2. Muir ER, Shen Q, Duong TQ. Cerebral blood flow MRI in mice using the cardiac spin-labeling technique. Magn Reson Med 2008;60:744-748.

3. Muir ER, De La Garza B, Duong TQ. Blood flow and anatomical MRI in a mouse model of retinitis pigmentosa. Magn Reson Med 2013;69:221-228.

4. Grunwald JE, DuPont J, Riva CE. Retinal haemodynamics in patients with early diabetes mellitus. Br J Ophthalmol 1996;80:327-331.

Figures

Figure 1. Anatomical EPI image and corresponding quantitative blood flow map of the mouse eye from a representative control mouse at 42x42x400 µm. ON: optic nerve.
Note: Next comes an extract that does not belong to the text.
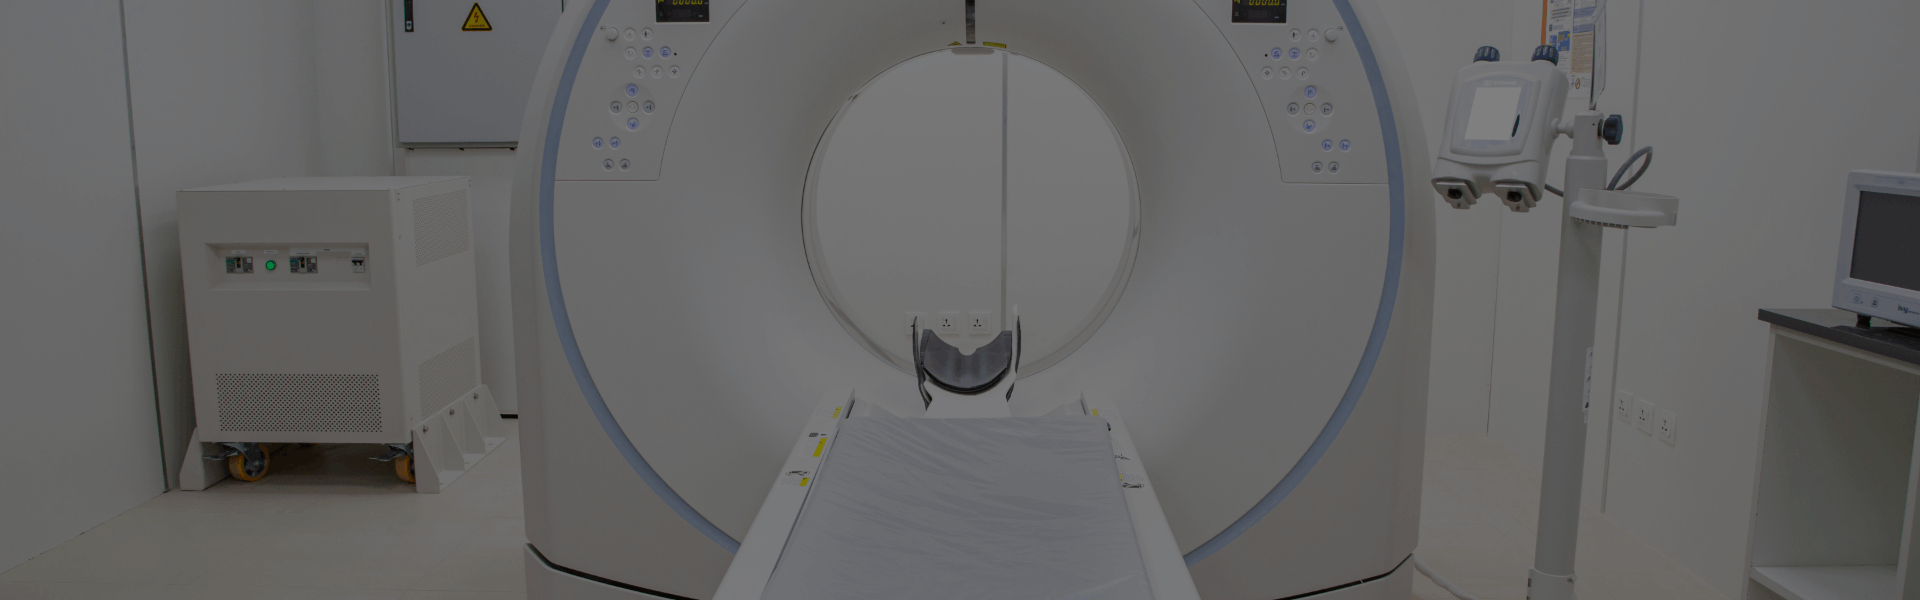 Upright Open MRI

Figure 2. MRI BF measures recorded in regular room air and in hypercapnia in control and diabetic mice (n=8 each, mean±SEM). a: p<0.05 for Control Vs Diabetic in room air, b: p<0.05 for Control Vs Diabetic in hypercapnia, c: p<0.05 for Control room air Vs Control hypercapnia, d: p<0.05 for Diabetic room air Vs Diabetic hypercapnia.

Figure 3. Ratios of hypercapnic to air values of choroidal blood flow (ChBF) (A) and retinal blood flow (RBF) (B) for control and diabetic mice. Mean±SEM.

Figure 4. Correlations between ChBF and the ERG b-wave under regular room air (A) and under hypercapnia (B) for control (gray circles) and diabetic (black circles) groups. The straight lines are fitted linear regression lines.